6 Now Joseph was well-built and handsome, 7 and after a while his master’s wife took notice of Joseph and said, “Come to bed with me!” 8 But he refused. “With me in charge,” he told her, “my master does not concern himself with anything in the house; everything he owns he has entrusted to my care. 9 No one is greater in this house than I am. My master has withheld nothing from me except you, because you are his wife. How then could I do such a wicked thing and sin against God?” 10 And though she spoke to Joseph day after day, he refused to go to bed with her or even be with her. 11 One day he went into the house to attend to his duties, and none of the household servants was inside. 12 She caught him by his cloak and said, “Come to bed with me!” But he left his cloak in her hand and ran out of the house.

With such a handsome young man in her presence, the actions of Potiphar's wife might seem less than shocking. More shocking is the admission that this was also a strong temptation for Joseph. How so? Consider two facets of this story.  

First, there was a huge power differential in this relationship. Compared to Potiphar's wife, Joseph stood powerless. The command, “Come to bed with me!” was not the passionate seduction of a lover; it was the cruel command of an abuser. It was dehumanizing and exploitive. Literally, it reads like a barked command. Joseph is a slave; rejecting his master's wife was, in many respects, unfathomable.

Second, Joseph was emotionally vulnerable. He was alone, not only hundreds of miles away from all family and friends – but spurned by those who should have been closest and most loyal to him, members of his own family. The desire for pleasure, comfort, and companionship, even a flawed imitation of it, was no doubt strong.

It’s hard to conceive of a deck stacked more in the favor of sin. Yet, somehow, Joseph resisted. How did he do it? Consider two things.

First, Joseph was concerned about the human consequences of sin. He recognized that succumbing to temptation would form a hurtful betrayal against his trusting master, Potiphar. As one betrayed by those he trusted, Joseph empathized with his master, and simply could not inflict the dreadful pain he endured upon others.

Second, Joseph saw beyond the human to the divine. This is really spectacular, when you think about it. Joseph – forsaken, stripped of his clothes, thrown into a pit, left for dead and then sold into slavery, carried to a foreign land, and now sexually harassed – was yet still tender toward God, not hardened against him. Somehow, he saw the light of God's goodness, even through the darkness of bad circumstances. Confident of God's love, he loved God too much to sin against him in such a vile way. 

There are many legitimate reasons for obedience to God's commands. We can obey from a mere sense of duty, a desire to do good for good's sake. We can obey because we fear the consequences of disobedience. We can obey because we desire the blessings that only come through obedience, and so on. 

However, while the motivation for Joseph's obedience is multifaceted, his ultimate motivation was loving gratitude toward God. Sinning against Potiphar was repugnant to Joseph because it was also and ultimately a sin against God. 

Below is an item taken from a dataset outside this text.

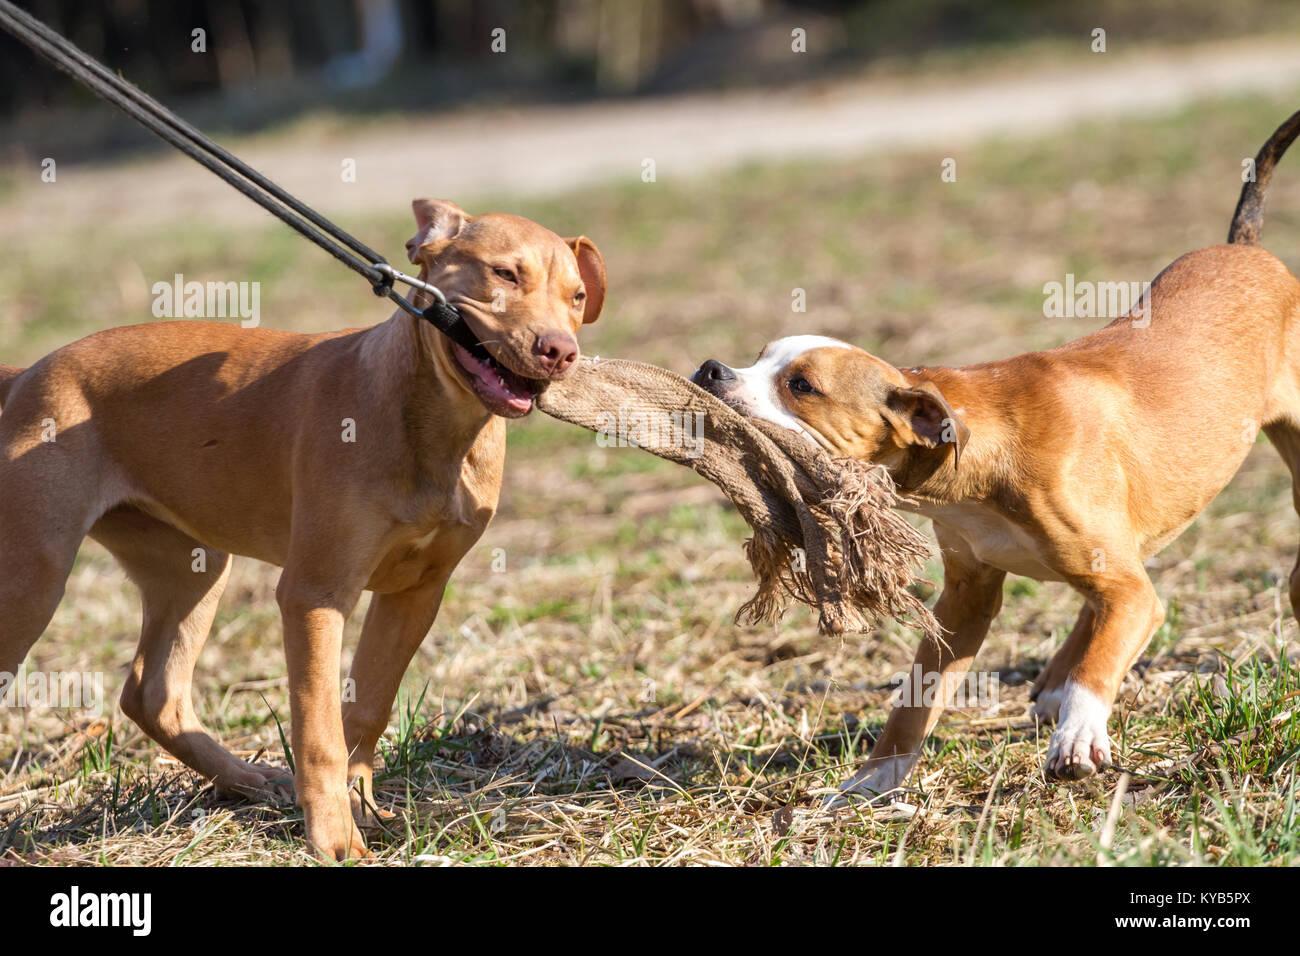 Dos cachorros (Trabajo Pit Bulldog & American Pit Bull Terrier) jugando y tirando con un juguete en un soleado Imagen De Stock

True power for obedience and growth in holiness isn't so much about suppressing sin. As Tim Keller rightly notes, "Real self-control does not come from suppressing the desires of the heart by the will but by reordering the loves of the heart through one overarching, overmastering, supreme love that puts all the other loves in their place."

Child of God: The story of Joseph shows us a man growing captive to the love of God, and increasngly free from the snares of sin. If you would grow to hate sin, let us first grow in love for God.

You're loved. Don't forget it. 


Timothy J. Keller, The Timothy Keller Sermon Archive (New York City: Redeemer Presbyterian Church, 2013).